The housing can comprise an inner circumferential wall which radially delineates the pump space and, together with the at least one rotor, forms a radial sealing gap in order to seal off adjacent delivery cells. This sealing gap or, respectively, a radial width of said sealing gap, can vary in size in the rotational direction, i.e. a distance between an imaginary radial outer circular circumference of the rotor—which for example includes the radial ends of delivery elements which delineate adjacent delivery cells from each other in the rotational direction of the pump—and the radial inner circumferential wall of the pump space can differ in size. Radial dimensions of the sealing gap, in particular in a circumferential region in which the lubricant feed is formed, can thus be smaller than an average radial distance between the circular circumference and the inner circumferential wall. In other words, the radial sealing gap can be smaller, in the circumferential region of the lubricant feed, than an average radial sealing gap.
The terms “axial” and “radial” refer in particular to the rotary axis of the rotor or rotor shaft, such that the expression “axial” denotes in particular a direction extending parallel to or coaxial with the rotary axis. Furthermore, the expression “radial” denotes in particular a direction extending perpendicular to the rotary axis.

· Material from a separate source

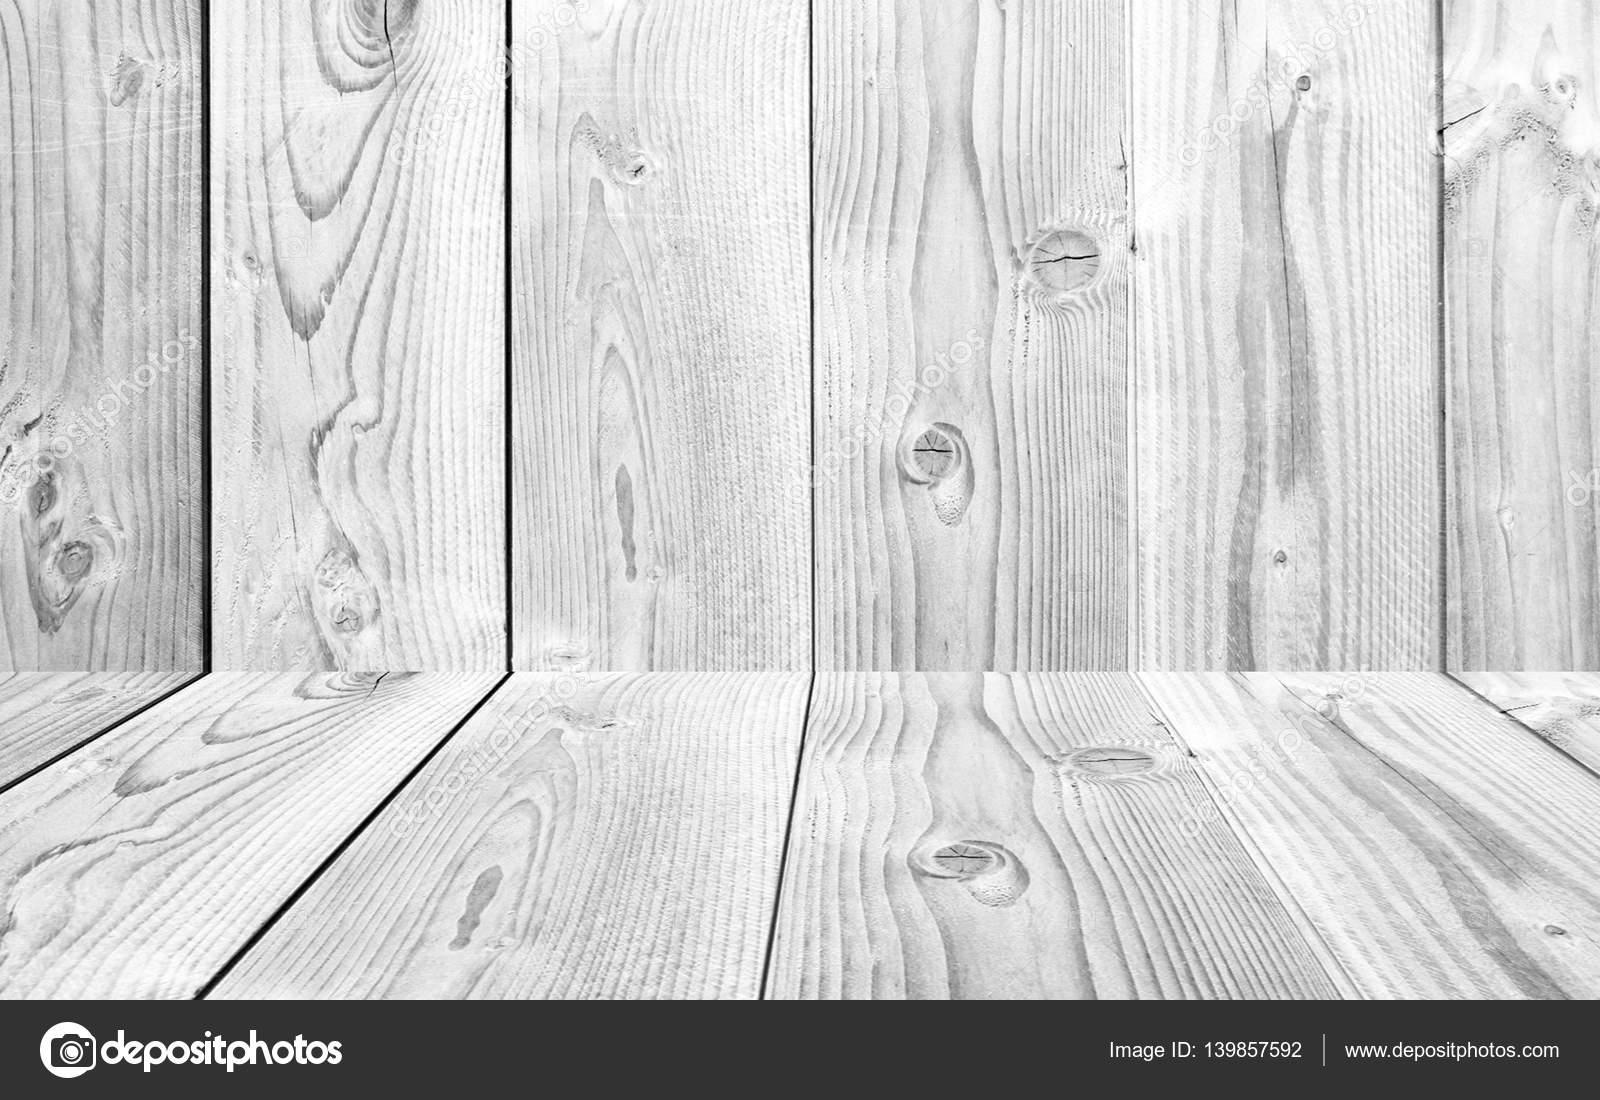 Pareti In Legno Bianco : Tappezzeria di texture di parete in legno bianco u foto stock

The radial sealing gap or, respectively, the circumferential regions featuring the larger and smaller sealing gap in the rotational direction of the rotary pump, can exhibit uniform or variable dimensions in the axial direction. The radial sealing gap can likewise vary in size in the axial direction. In order to increase the size of the radial sealing gap in a circumferential region, the size of the radial sealing gap can be increased over an axial partial length of the circumferential region only. In order to decrease the size of the radial sealing gap in a circumferential region, the size of the radial sealing gap can be decreased over an axial partial length of the circumferential region only. Preferably, the size of the radial sealing gap is increased or decreased over its entire axial length. The radial sealing gap in the circumferential region in which the radial sealing gap is larger than the radial sealing gap in at least one other circumferential region can be larger than the radial sealing gap in the at least one other circumferential region over an axial partial length or over its entire axial length. The radial sealing gap in the circumferential region in which the radial sealing gap is smaller than the radial sealing gap in at least one other circumferential region can be smaller than the radial sealing gap in the at least one other circumferential region over an axial partial length or over its entire axial length.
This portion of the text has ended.